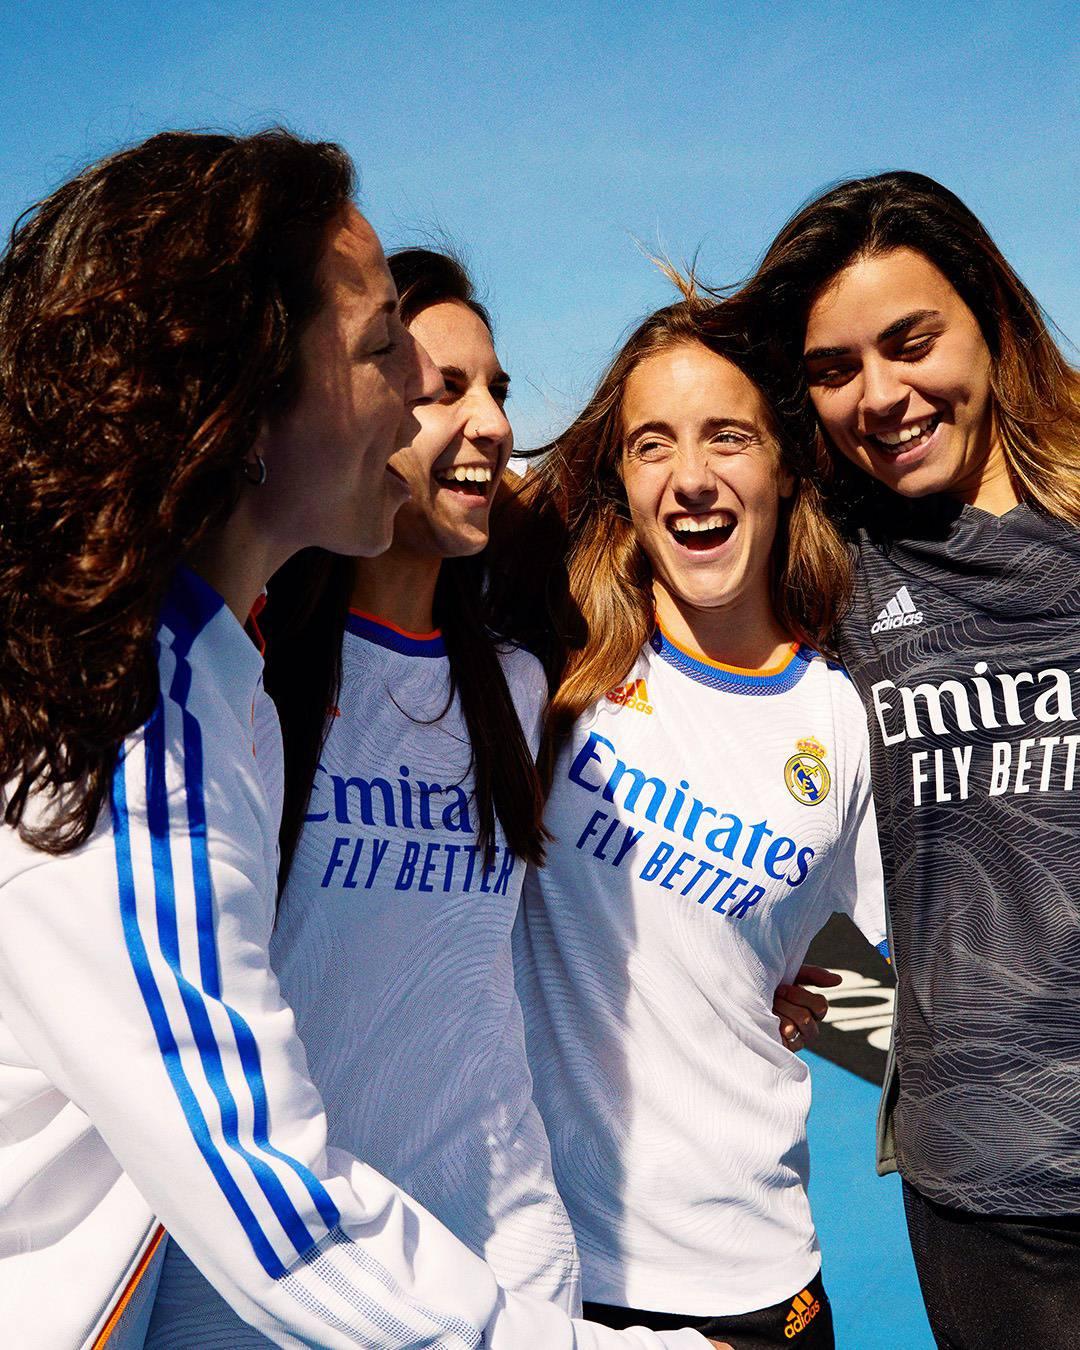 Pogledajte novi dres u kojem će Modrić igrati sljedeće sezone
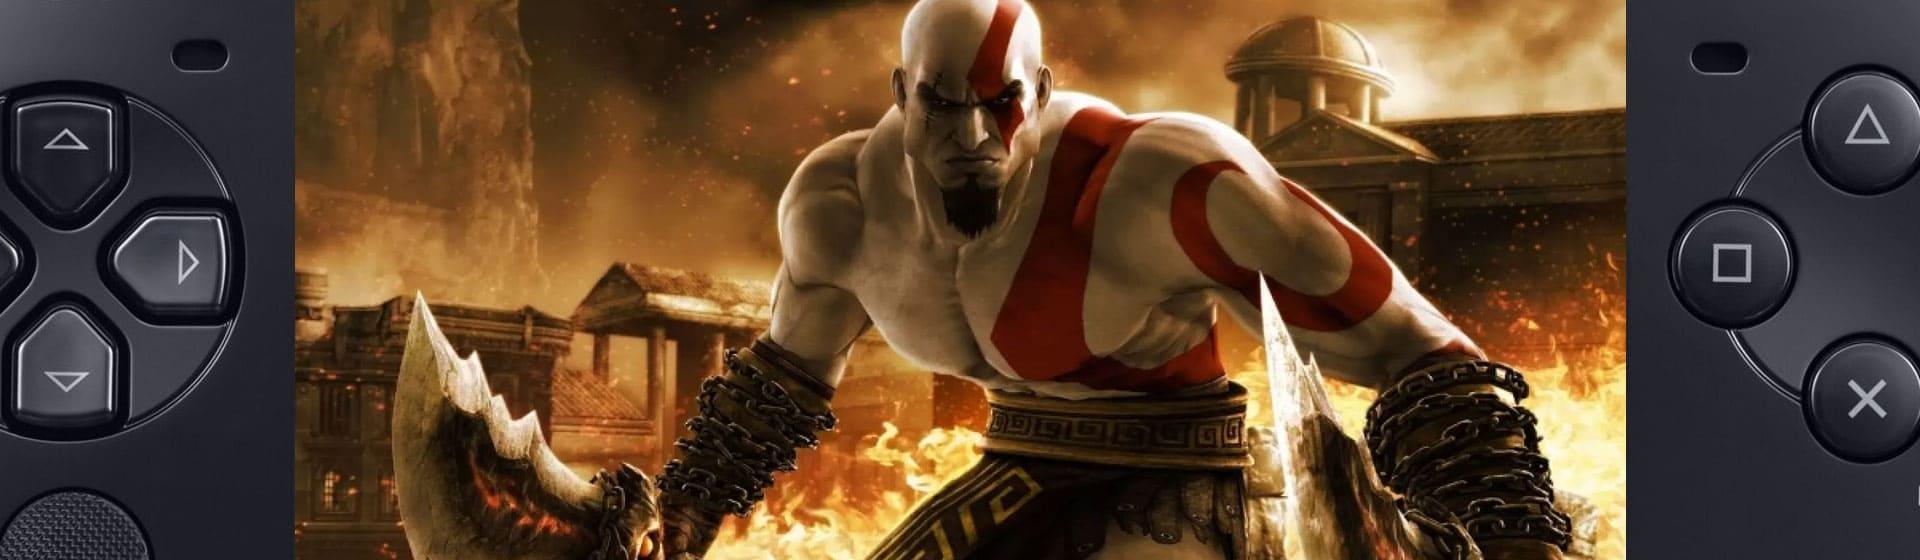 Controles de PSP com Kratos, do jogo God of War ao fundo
^^^^^^^^
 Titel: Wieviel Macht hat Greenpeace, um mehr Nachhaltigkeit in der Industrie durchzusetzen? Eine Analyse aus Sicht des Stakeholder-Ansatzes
^^^^^^^^
Instructions for the task: Pictures excluded, transcribe the listing above exactly from the line with "Pogledajte novi dres" through the line with "Controles de PSP", and no further.

Written answer:
 Pogledajte novi dres u kojem će Modrić igrati sljedeće sezone
 Controles de PSP com Kratos, do jogo God of War ao fundo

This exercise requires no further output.